* EXERCISE DIRECTIONS
Below are the records; retype each one exactly.

* EXERCISE MATERIAL

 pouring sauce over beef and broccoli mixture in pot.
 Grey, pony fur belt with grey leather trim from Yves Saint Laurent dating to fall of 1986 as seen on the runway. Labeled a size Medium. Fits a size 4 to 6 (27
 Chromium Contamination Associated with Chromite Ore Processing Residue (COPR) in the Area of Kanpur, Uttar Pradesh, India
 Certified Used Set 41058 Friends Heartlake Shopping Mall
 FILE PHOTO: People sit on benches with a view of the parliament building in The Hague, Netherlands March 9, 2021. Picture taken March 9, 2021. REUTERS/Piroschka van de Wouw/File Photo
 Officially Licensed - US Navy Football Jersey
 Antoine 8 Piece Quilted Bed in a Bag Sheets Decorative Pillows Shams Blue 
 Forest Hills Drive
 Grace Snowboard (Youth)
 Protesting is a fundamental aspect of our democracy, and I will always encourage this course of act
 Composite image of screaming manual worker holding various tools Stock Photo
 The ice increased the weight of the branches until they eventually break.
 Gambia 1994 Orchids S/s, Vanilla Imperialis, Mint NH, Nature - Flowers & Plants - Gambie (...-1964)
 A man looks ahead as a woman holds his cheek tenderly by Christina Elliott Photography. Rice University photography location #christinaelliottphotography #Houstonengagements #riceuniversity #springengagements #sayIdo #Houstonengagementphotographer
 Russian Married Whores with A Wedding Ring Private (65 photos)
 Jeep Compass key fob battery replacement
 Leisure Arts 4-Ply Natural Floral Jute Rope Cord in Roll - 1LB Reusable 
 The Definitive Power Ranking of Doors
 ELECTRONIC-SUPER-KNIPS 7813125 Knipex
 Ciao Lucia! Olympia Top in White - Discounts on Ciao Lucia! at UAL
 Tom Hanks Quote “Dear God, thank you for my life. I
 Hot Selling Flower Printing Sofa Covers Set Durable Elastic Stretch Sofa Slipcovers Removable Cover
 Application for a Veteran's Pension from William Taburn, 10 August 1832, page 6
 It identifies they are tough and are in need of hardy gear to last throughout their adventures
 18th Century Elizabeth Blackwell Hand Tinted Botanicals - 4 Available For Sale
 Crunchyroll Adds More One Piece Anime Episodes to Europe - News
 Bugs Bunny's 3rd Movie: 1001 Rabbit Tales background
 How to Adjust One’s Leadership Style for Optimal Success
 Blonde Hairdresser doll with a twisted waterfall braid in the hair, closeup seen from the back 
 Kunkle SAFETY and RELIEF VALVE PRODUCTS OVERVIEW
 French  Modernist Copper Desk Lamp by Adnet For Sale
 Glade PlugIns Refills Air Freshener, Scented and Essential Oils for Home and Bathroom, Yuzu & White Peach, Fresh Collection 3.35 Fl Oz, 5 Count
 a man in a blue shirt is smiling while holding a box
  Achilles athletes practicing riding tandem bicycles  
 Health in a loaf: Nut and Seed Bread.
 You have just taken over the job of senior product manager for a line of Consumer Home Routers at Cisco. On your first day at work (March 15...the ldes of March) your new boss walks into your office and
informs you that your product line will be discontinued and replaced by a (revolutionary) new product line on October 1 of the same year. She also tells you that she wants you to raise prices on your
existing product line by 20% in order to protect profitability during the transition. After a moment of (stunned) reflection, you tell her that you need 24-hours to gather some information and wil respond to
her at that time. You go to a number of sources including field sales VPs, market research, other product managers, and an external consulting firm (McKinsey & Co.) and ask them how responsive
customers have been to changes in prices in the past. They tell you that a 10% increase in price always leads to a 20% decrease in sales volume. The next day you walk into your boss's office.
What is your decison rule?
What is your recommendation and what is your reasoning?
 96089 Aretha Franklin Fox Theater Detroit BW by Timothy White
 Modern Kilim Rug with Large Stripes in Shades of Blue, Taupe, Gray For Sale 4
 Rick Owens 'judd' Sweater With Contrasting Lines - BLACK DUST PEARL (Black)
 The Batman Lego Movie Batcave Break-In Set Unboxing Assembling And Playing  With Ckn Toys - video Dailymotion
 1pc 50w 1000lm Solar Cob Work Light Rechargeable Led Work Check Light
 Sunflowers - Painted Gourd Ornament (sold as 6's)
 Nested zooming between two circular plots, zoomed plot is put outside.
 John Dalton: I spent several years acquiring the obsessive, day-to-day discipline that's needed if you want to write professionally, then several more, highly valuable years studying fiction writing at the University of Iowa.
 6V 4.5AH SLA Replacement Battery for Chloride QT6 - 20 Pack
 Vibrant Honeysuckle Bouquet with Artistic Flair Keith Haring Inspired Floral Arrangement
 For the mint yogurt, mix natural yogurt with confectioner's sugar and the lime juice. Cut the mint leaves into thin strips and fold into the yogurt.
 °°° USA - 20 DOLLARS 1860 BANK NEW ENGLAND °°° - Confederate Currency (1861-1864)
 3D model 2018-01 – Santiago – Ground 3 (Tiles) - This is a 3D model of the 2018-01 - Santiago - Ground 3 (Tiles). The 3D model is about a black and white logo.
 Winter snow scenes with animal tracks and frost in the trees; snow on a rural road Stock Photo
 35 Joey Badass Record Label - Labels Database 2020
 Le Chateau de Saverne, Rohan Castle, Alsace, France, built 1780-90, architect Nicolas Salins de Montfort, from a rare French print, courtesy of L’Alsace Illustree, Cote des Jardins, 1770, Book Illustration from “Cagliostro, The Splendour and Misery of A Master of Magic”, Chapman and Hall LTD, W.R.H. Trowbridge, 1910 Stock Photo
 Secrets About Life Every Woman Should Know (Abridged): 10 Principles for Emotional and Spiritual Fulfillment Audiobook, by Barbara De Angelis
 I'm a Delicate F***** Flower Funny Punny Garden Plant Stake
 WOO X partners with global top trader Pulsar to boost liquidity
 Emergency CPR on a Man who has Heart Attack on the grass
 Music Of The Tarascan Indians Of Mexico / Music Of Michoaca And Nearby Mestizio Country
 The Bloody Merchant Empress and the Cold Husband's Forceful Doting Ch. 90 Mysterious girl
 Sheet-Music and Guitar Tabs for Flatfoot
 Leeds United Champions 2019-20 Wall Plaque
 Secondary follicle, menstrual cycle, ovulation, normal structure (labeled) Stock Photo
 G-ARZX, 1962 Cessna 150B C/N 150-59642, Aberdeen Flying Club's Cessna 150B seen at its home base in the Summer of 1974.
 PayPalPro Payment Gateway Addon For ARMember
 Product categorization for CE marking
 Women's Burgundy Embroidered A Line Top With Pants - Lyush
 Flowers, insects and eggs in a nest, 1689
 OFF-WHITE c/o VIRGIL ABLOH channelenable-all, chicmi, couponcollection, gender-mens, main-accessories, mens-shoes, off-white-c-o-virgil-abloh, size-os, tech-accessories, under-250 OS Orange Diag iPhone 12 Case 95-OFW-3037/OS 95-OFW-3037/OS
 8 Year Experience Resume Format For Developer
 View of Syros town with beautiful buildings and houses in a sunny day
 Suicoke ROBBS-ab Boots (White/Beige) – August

* FINAL ANSWER
 pouring sauce over beef and broccoli mixture in pot.
 Grey, pony fur belt with grey leather trim from Yves Saint Laurent dating to fall of 1986 as seen on the runway. Labeled a size Medium. Fits a size 4 to 6 (27
 Chromium Contamination Associated with Chromite Ore Processing Residue (COPR) in the Area of Kanpur, Uttar Pradesh, India
 Certified Used Set 41058 Friends Heartlake Shopping Mall
 FILE PHOTO: People sit on benches with a view of the parliament building in The Hague, Netherlands March 9, 2021. Picture taken March 9, 2021. REUTERS/Piroschka van de Wouw/File Photo
 Officially Licensed - US Navy Football Jersey
 Antoine 8 Piece Quilted Bed in a Bag Sheets Decorative Pillows Shams Blue 
 Forest Hills Drive
 Grace Snowboard (Youth)
 Protesting is a fundamental aspect of our democracy, and I will always encourage this course of act
 Composite image of screaming manual worker holding various tools Stock Photo
 The ice increased the weight of the branches until they eventually break.
 Gambia 1994 Orchids S/s, Vanilla Imperialis, Mint NH, Nature - Flowers & Plants - Gambie (...-1964)
 A man looks ahead as a woman holds his cheek tenderly by Christina Elliott Photography. Rice University photography location #christinaelliottphotography #Houstonengagements #riceuniversity #springengagements #sayIdo #Houstonengagementphotographer
 Russian Married Whores with A Wedding Ring Private (65 photos)
 Jeep Compass key fob battery replacement
 Leisure Arts 4-Ply Natural Floral Jute Rope Cord in Roll - 1LB Reusable 
 The Definitive Power Ranking of Doors
 ELECTRONIC-SUPER-KNIPS 7813125 Knipex
 Ciao Lucia! Olympia Top in White - Discounts on Ciao Lucia! at UAL
 Tom Hanks Quote “Dear God, thank you for my life. I
 Hot Selling Flower Printing Sofa Covers Set Durable Elastic Stretch Sofa Slipcovers Removable Cover
 Application for a Veteran's Pension from William Taburn, 10 August 1832, page 6
 It identifies they are tough and are in need of hardy gear to last throughout their adventures
 18th Century Elizabeth Blackwell Hand Tinted Botanicals - 4 Available For Sale
 Crunchyroll Adds More One Piece Anime Episodes to Europe - News
 Bugs Bunny's 3rd Movie: 1001 Rabbit Tales background
 How to Adjust One’s Leadership Style for Optimal Success
 Blonde Hairdresser doll with a twisted waterfall braid in the hair, closeup seen from the back 
 Kunkle SAFETY and RELIEF VALVE PRODUCTS OVERVIEW
 French  Modernist Copper Desk Lamp by Adnet For Sale
 Glade PlugIns Refills Air Freshener, Scented and Essential Oils for Home and Bathroom, Yuzu & White Peach, Fresh Collection 3.35 Fl Oz, 5 Count
 a man in a blue shirt is smiling while holding a box
  Achilles athletes practicing riding tandem bicycles  
 Health in a loaf: Nut and Seed Bread.
 You have just taken over the job of senior product manager for a line of Consumer Home Routers at Cisco. On your first day at work (March 15...the ldes of March) your new boss walks into your office and
informs you that your product line will be discontinued and replaced by a (revolutionary) new product line on October 1 of the same year. She also tells you that she wants you to raise prices on your
existing product line by 20% in order to protect profitability during the transition. After a moment of (stunned) reflection, you tell her that you need 24-hours to gather some information and wil respond to
her at that time. You go to a number of sources including field sales VPs, market research, other product managers, and an external consulting firm (McKinsey & Co.) and ask them how responsive
customers have been to changes in prices in the past. They tell you that a 10% increase in price always leads to a 20% decrease in sales volume. The next day you walk into your boss's office.
What is your decison rule?
What is your recommendation and what is your reasoning?
 96089 Aretha Franklin Fox Theater Detroit BW by Timothy White
 Modern Kilim Rug with Large Stripes in Shades of Blue, Taupe, Gray For Sale 4
 Rick Owens 'judd' Sweater With Contrasting Lines - BLACK DUST PEARL (Black)
 The Batman Lego Movie Batcave Break-In Set Unboxing Assembling And Playing  With Ckn Toys - video Dailymotion
 1pc 50w 1000lm Solar Cob Work Light Rechargeable Led Work Check Light
 Sunflowers - Painted Gourd Ornament (sold as 6's)
 Nested zooming between two circular plots, zoomed plot is put outside.
 John Dalton: I spent several years acquiring the obsessive, day-to-day discipline that's needed if you want to write professionally, then several more, highly valuable years studying fiction writing at the University of Iowa.
 6V 4.5AH SLA Replacement Battery for Chloride QT6 - 20 Pack
 Vibrant Honeysuckle Bouquet with Artistic Flair Keith Haring Inspired Floral Arrangement
 For the mint yogurt, mix natural yogurt with confectioner's sugar and the lime juice. Cut the mint leaves into thin strips and fold into the yogurt.
 °°° USA - 20 DOLLARS 1860 BANK NEW ENGLAND °°° - Confederate Currency (1861-1864)
 3D model 2018-01 – Santiago – Ground 3 (Tiles) - This is a 3D model of the 2018-01 - Santiago - Ground 3 (Tiles). The 3D model is about a black and white logo.
 Winter snow scenes with animal tracks and frost in the trees; snow on a rural road Stock Photo
 35 Joey Badass Record Label - Labels Database 2020
 Le Chateau de Saverne, Rohan Castle, Alsace, France, built 1780-90, architect Nicolas Salins de Montfort, from a rare French print, courtesy of L’Alsace Illustree, Cote des Jardins, 1770, Book Illustration from “Cagliostro, The Splendour and Misery of A Master of Magic”, Chapman and Hall LTD, W.R.H. Trowbridge, 1910 Stock Photo
 Secrets About Life Every Woman Should Know (Abridged): 10 Principles for Emotional and Spiritual Fulfillment Audiobook, by Barbara De Angelis
 I'm a Delicate F***** Flower Funny Punny Garden Plant Stake
 WOO X partners with global top trader Pulsar to boost liquidity
 Emergency CPR on a Man who has Heart Attack on the grass
 Music Of The Tarascan Indians Of Mexico / Music Of Michoaca And Nearby Mestizio Country
 The Bloody Merchant Empress and the Cold Husband's Forceful Doting Ch. 90 Mysterious girl
 Sheet-Music and Guitar Tabs for Flatfoot
 Leeds United Champions 2019-20 Wall Plaque
 Secondary follicle, menstrual cycle, ovulation, normal structure (labeled) Stock Photo
 G-ARZX, 1962 Cessna 150B C/N 150-59642, Aberdeen Flying Club's Cessna 150B seen at its home base in the Summer of 1974.
 PayPalPro Payment Gateway Addon For ARMember
 Product categorization for CE marking
 Women's Burgundy Embroidered A Line Top With Pants - Lyush
 Flowers, insects and eggs in a nest, 1689
 OFF-WHITE c/o VIRGIL ABLOH channelenable-all, chicmi, couponcollection, gender-mens, main-accessories, mens-shoes, off-white-c-o-virgil-abloh, size-os, tech-accessories, under-250 OS Orange Diag iPhone 12 Case 95-OFW-3037/OS 95-OFW-3037/OS
 8 Year Experience Resume Format For Developer
 View of Syros town with beautiful buildings and houses in a sunny day
 Suicoke ROBBS-ab Boots (White/Beige) – August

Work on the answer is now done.